Gates took his seat, and there was a stir of anticipation in the courtroom. The defense lawyers had done fine, but people hadn’t crowded into the courtroom to hear the high-paid lawyers from D.C. recite predictable quotes from prior cases. They had come to hear the irascible Wyatt Jackson, and the air became thick with tension as the old man rose, buttoned his suit coat, and stepped grandly to the lectern.

“I remember the Aaron Burr case,” he said. “I believe I was a young lawyer at the time, and Your Honor was probably still in law school.”

Though she probably tried to suppress it, Solberg’s mouth twisted into the faintest hint of a smile.

“And if I remember correctly, Chief Justice Marshall, may he rest in peace, decided that the subpoena for documents could be issued to the president despite Jefferson’s protests.

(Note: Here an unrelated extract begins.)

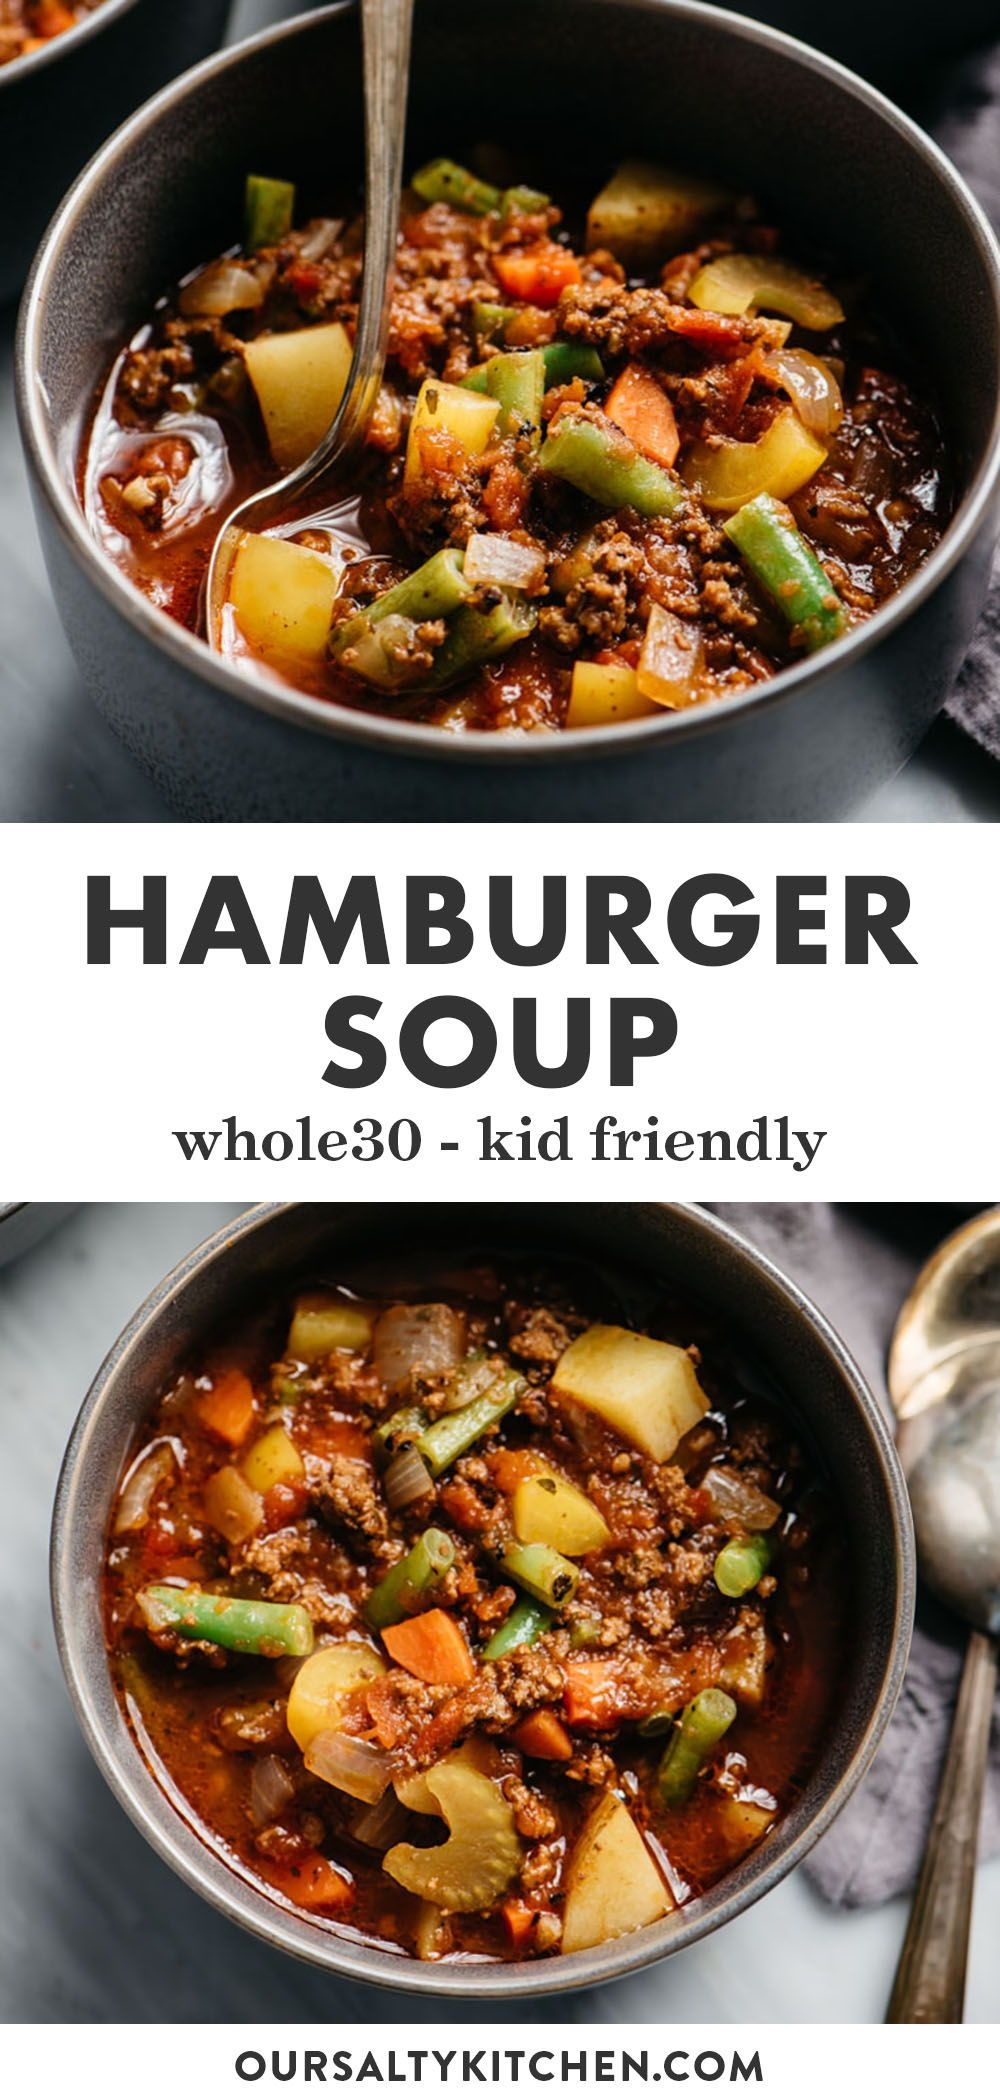 Paleo And Whole30 Hamburger Soup Recipe In 2020 Whole Food Recipes Beef Recipes Recipes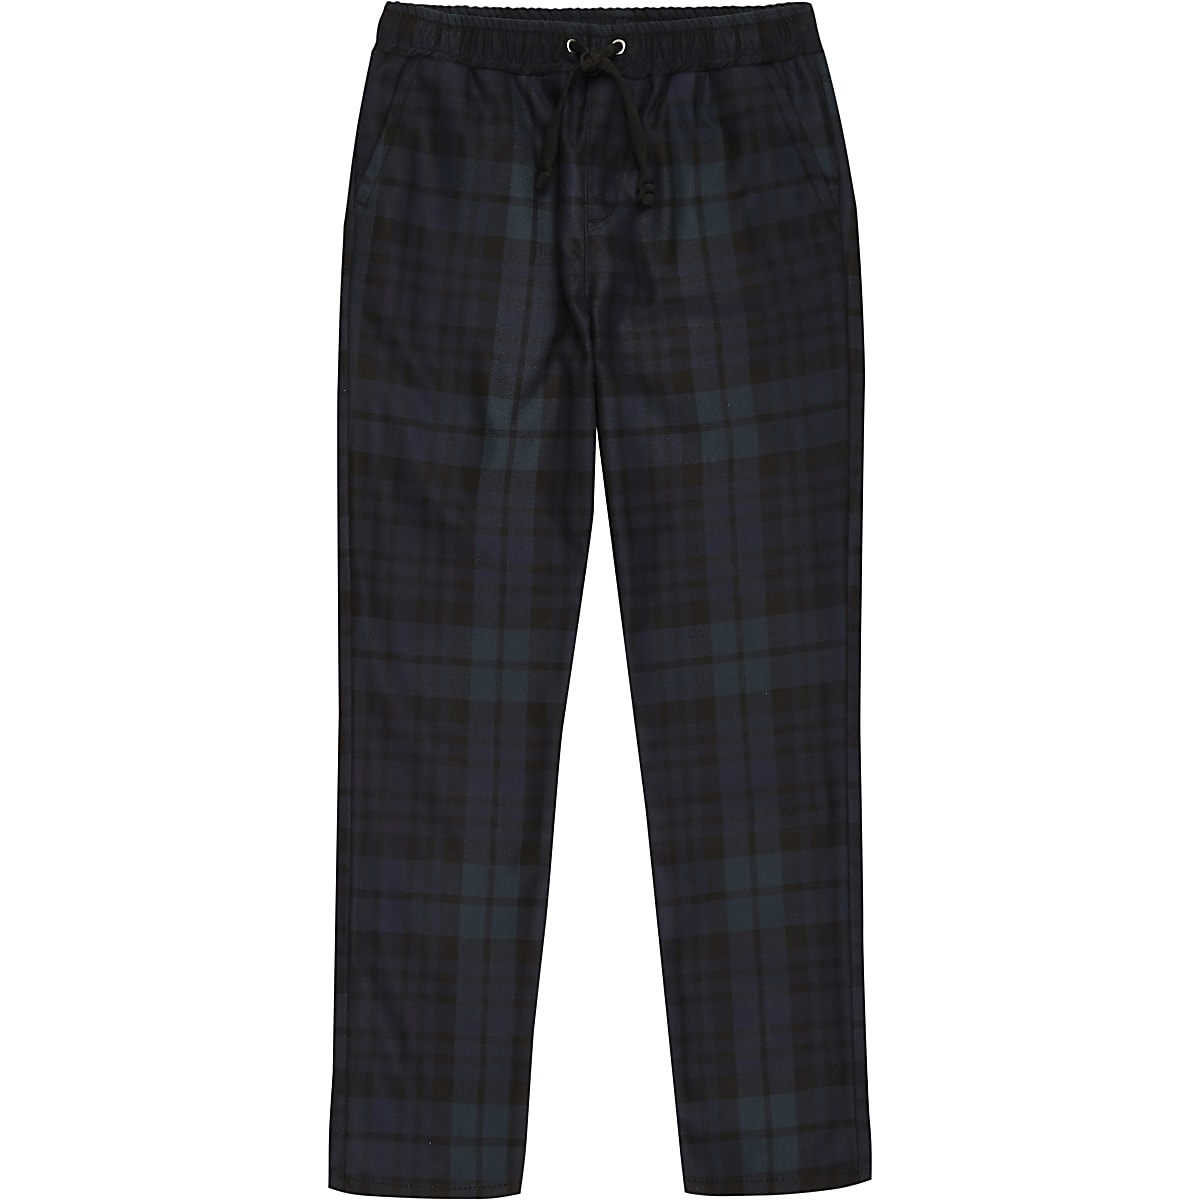 Boys navy tartan check trousers

Marshall vowed to give some deference to Jefferson’s office and avoid what he called ‘vexatious and unnecessary subpoenas,’ but he didn’t just defer to the president and dismiss the case. His ruling was significant because it made clear that the president, like every other citizen, was subject to the law, not above the law. That’s why we’re here today, Your Honor—to uphold the rule of law. And you should reject the invitation from my distinguished opponents over there to rule that the courts have no authority in matters of foreign affairs and that we should just trust the executive branch to do the right thing.”

Wyatt pulled himself up to his full height, grasping both sides of the podium without a single note in front of him. Paige had already been impressed that he knew something about the Aaron Burr treason trial. Maybe she could relax a little.

“But we are here precisely because this president cannot be trusted. We are here because we believe this president, in conspiracy with the director of the CIA and her own chief of staff, sent Troy Anderson on a dangerous mission knowing he would die. She did it for political reasons, and it is insulting to both this court and every member of our armed services to suggest that we are not even allowed to question the president or her henchmen about this. That we are required to simply take their word that things have been done lawfully when it comes to matters of foreign affairs. That is a good argument for dictators and despots but not one that should sit well in a constitutional republic, one with checks and balances that require the president to be accountable under the law just like everyone else.”

Wyatt paused and took a deep breath. And Paige could sense that the SEAL team members and their families, sitting right behind her and hoping to see politicians held accountable, were ready to stand up and applaud. It made Paige sit up just a little straighter to be on Wyatt’s team. He had certainly thrown down the gauntlet. He was right about one thing—even if they lost, they would go down swinging.